The main idea of the presented algorithm is to combine the best practices for generating pseudorandom numbers by cellular automata and a number of improvements to enforce the general features of cellular automata, saving the best. Figure 3 presents the flowchart of the proposed algorithm.

There are several subsections, which describe step-by-step all levels of algorithm evolution. In addition, there are some ideas for improving the presented algorithm with the help of genetic algorithms to expand the set of rules to be used to generate a pseudorandom number.

4.1. Grid

The main result of the presented algorithm is that it can generate pseudo-random sequences of numbers.
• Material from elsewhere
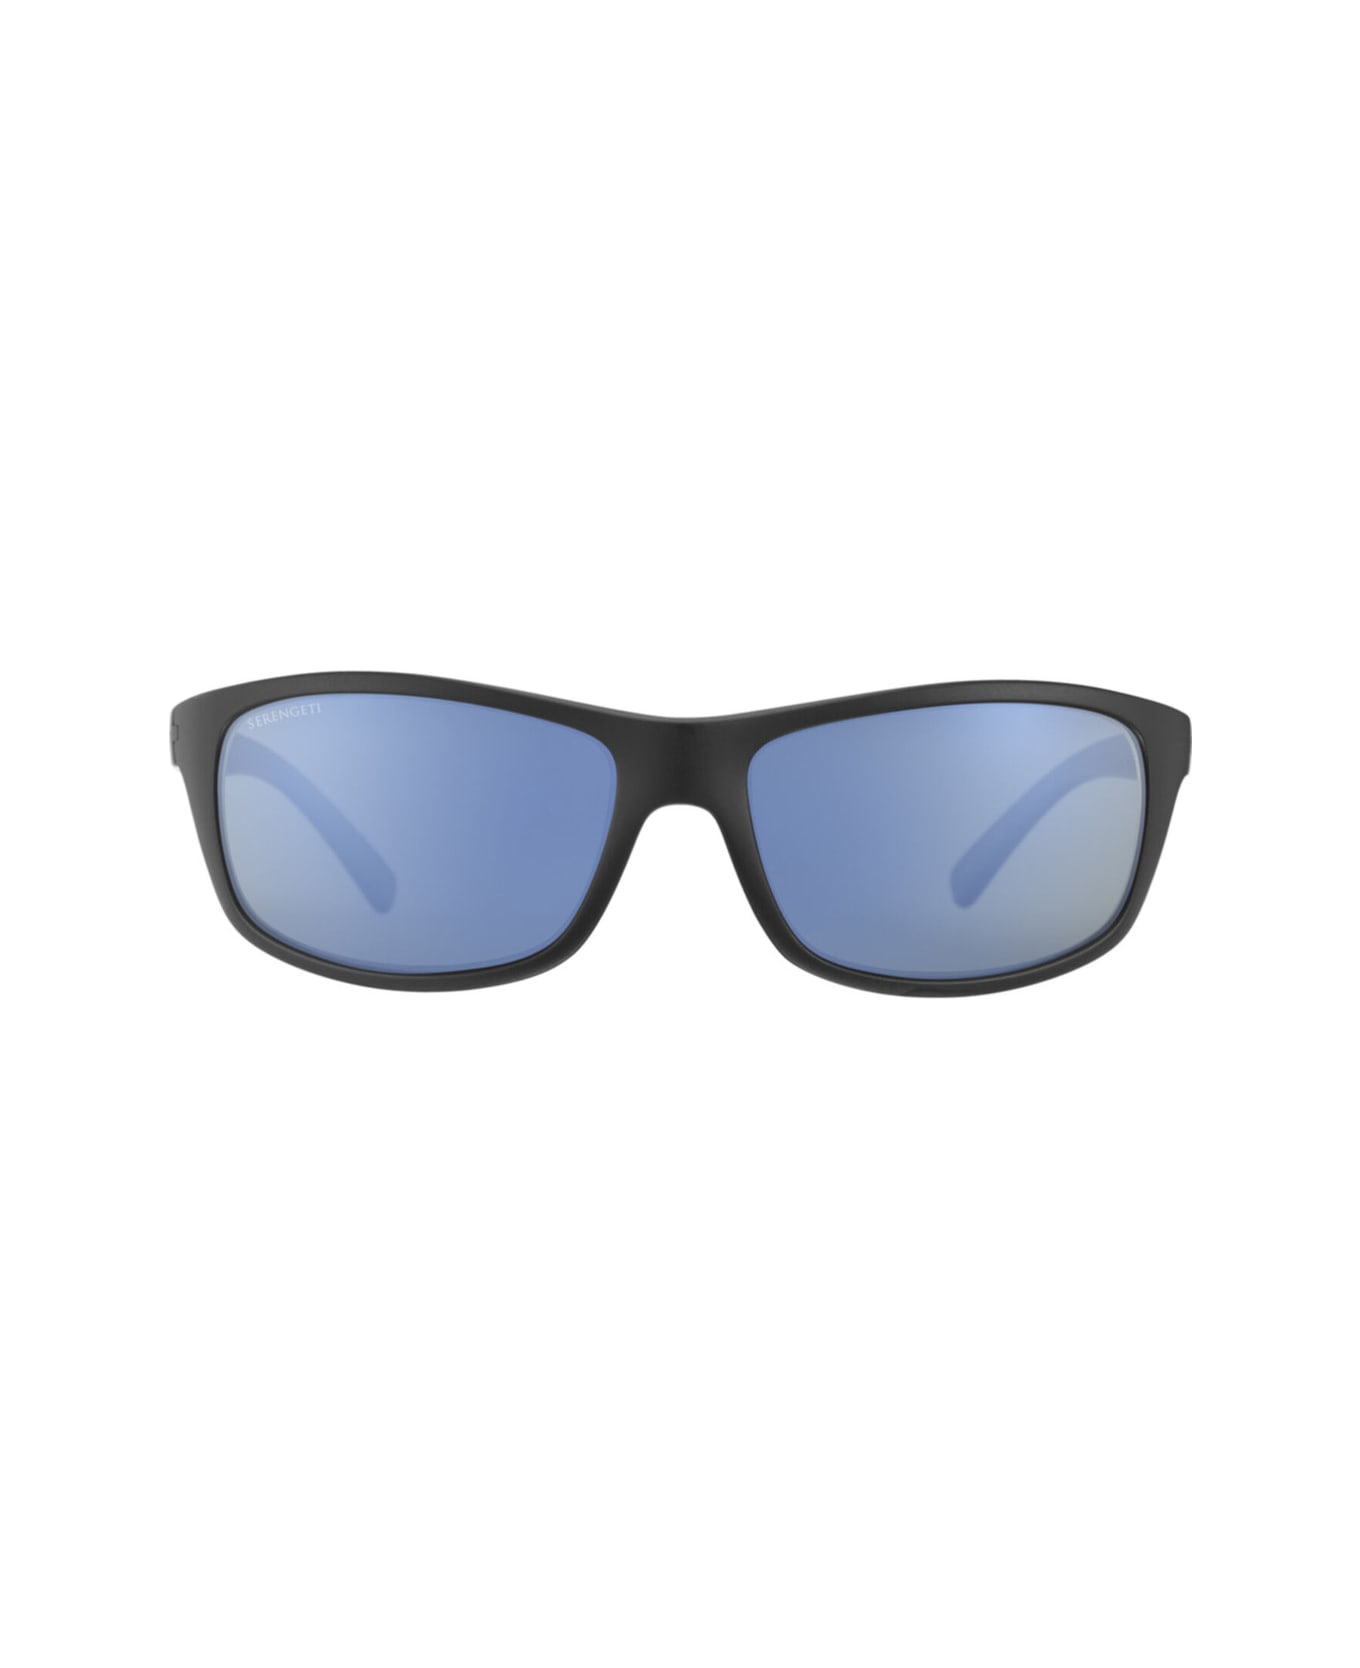 Serengeti Eyewear Bormio 9002 Sunglasses - Matte Black サングラス

Despite the fact that CA had already been used in such a way, we improved some characteristics by adding new conditions and ideas. There is a grid, where each cell only has two states: 0 and 1, and states are changed by some function. The result of steps in algorithm will be a binary performed number, which can be formed from the grid (or part of it). Thus, we have a grid with its sizes: p and q, which are both prime numbers (to improve periodic features). Changes start right from this stage: dividing all the grid into

m \geq 2

blocks, which are formed as rectangles

b_{i}

with sizes

l_{b_{i}}

and

w_{b_{i}}

, and each block consists of

l_{b_{i}} \times w_{b_{i}}

cells (Figure 4). Thus, we obtain the equation:

p \times q = \sum_{\begin{matrix} 2 \leq i \leq m \end{matrix}} (l_{b_{i}} \times w_{b_{i}})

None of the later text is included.